O diretor de games e e-sports da Secretaria de Esporte e Lazer do Distrito Federal, David Leonardo da Silva de Andrade Teixeira, apresentou a estrutura de trabalho típica desses atletas, como as gaming houses e gaming offices. As houses são residências onde os jogadores moram e treinam; e offices são espaços dedicados à prática e treinamento, mas onde os jogadores não necessariamente residem.
David Teixeira ainda relatou dados preocupantes: cerca de 90% dos contratos são firmados sob a forma de prestação de serviços ou por meio de pessoas jurídicas, com poucos casos registrados sob o regime da Consolidação das Leis do Trabalho (CLT), geralmente exigido pelas desenvolvedoras dos jogos.
Entre as preocupações trabalhistas estão a ausência de regulamentação clara, jornadas extensas e a exposição a doenças ocupacionais ¿ como lesões por esforço repetitivo e síndrome do túnel do carpo.

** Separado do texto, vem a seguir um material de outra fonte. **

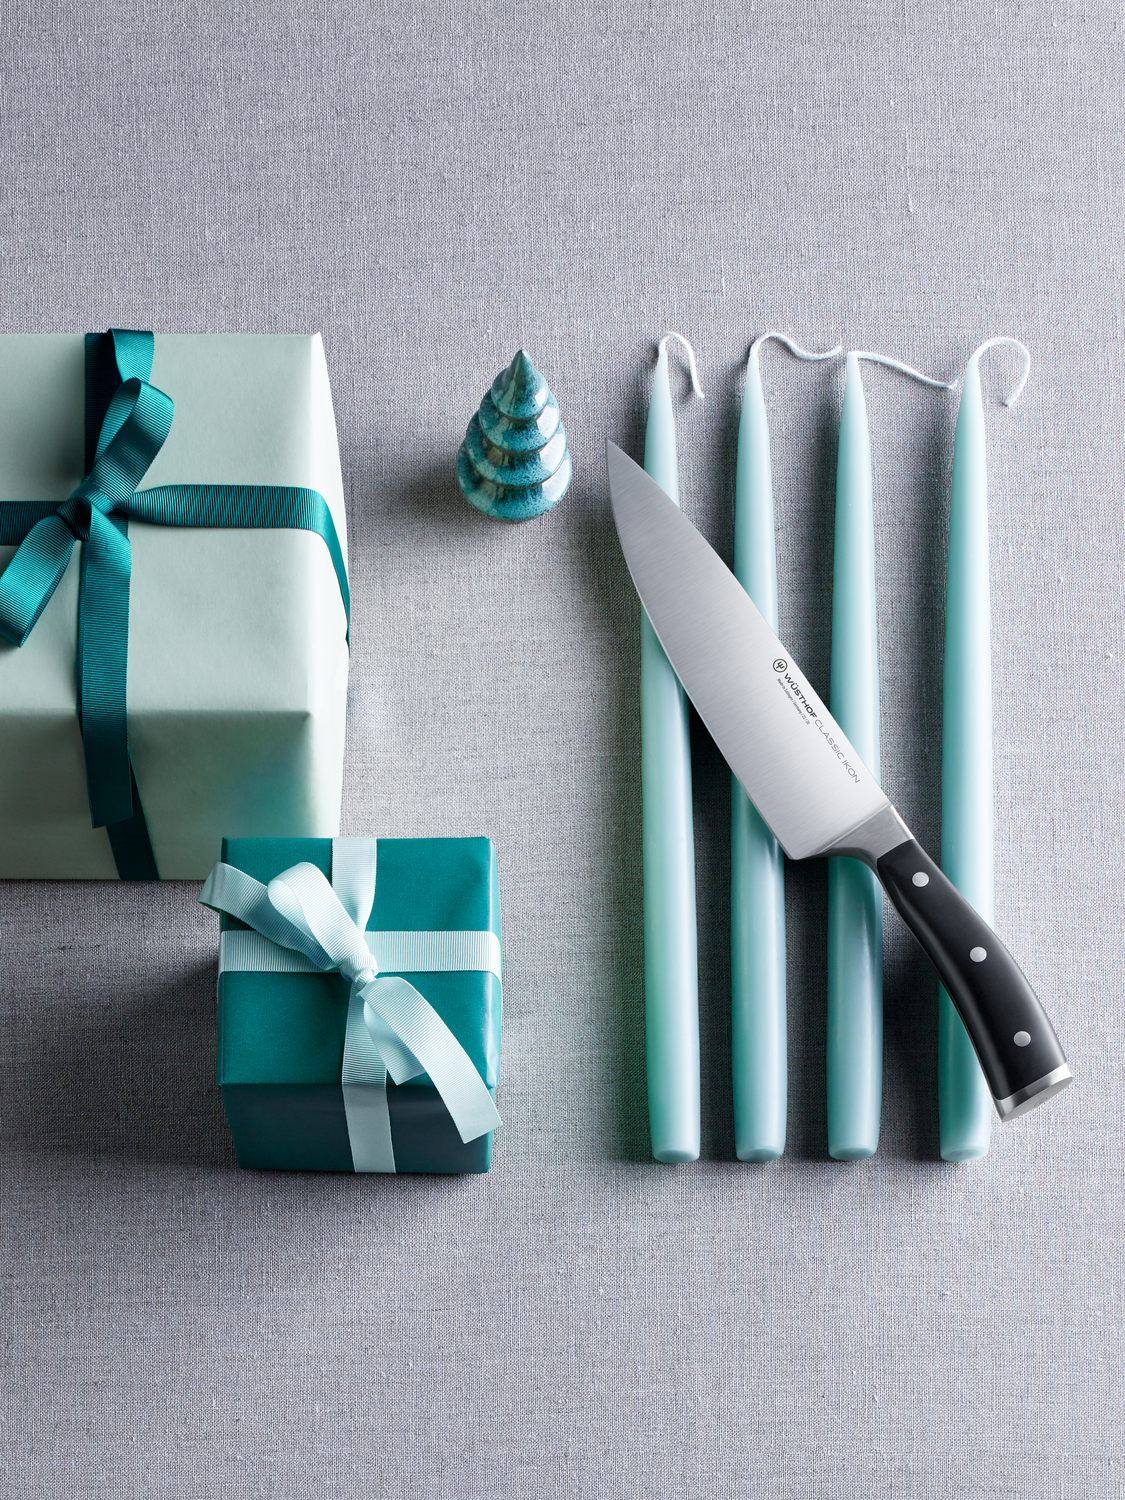 Classic Ikon Chef's Knife surrounded by presents

No âmbito jurídico, o juiz do TRT-10 Marcos Ulhoa Dani destacou os impasses relacionados ao reconhecimento de vínculos trabalhistas no universo dos e-sports. De acordo com o magistrado, a falta de consenso sobre o enquadramento dos jogos eletrônicos como modalidade esportiva dificulta a aplicação direta das normas do direito desportivo tradicional, que não contemplam as particularidades do ambiente digital, gerando lacunas normativas significativas.
Ulhoa compartilhou uma decisão recente em que reconheceu o vínculo empregatício de um cyber atleta com uma organização de e-sports, considerando que a reclamante cumpria os requisitos legais para configuração de vínculo de emprego com a empresa. Clique aqui para saber mais.
Outro caso citado pelo juiz ocorreu na 69ª Vara do Trabalho de São Paulo, que condenou uma empresa a pagar indenização de R$ 400 mil à família do jogador profissional de esportes eletrônicos Matheus Queiroz Coelho, que morreu aos 19 anos devido a uma infecção no sistema nervoso central, agravada por precárias condições de trabalho e negligência da empresa.
Encerramento
O Encontro Institucional de Magistrados do TRT-10 será encerrado nesta sexta-feira (16/5), com a palestra “Sistemas de Proteção de Direitos Humanos, Tecnologia e as Novas Morfologias do Mercado de Trabalho”. Na sequência, será apresentada a atuação da Unidade de Monitoramento e Fiscalização de Decisões da Corte Interamericana de Direitos Humanos do TRT-10 (UMF/TRT-10).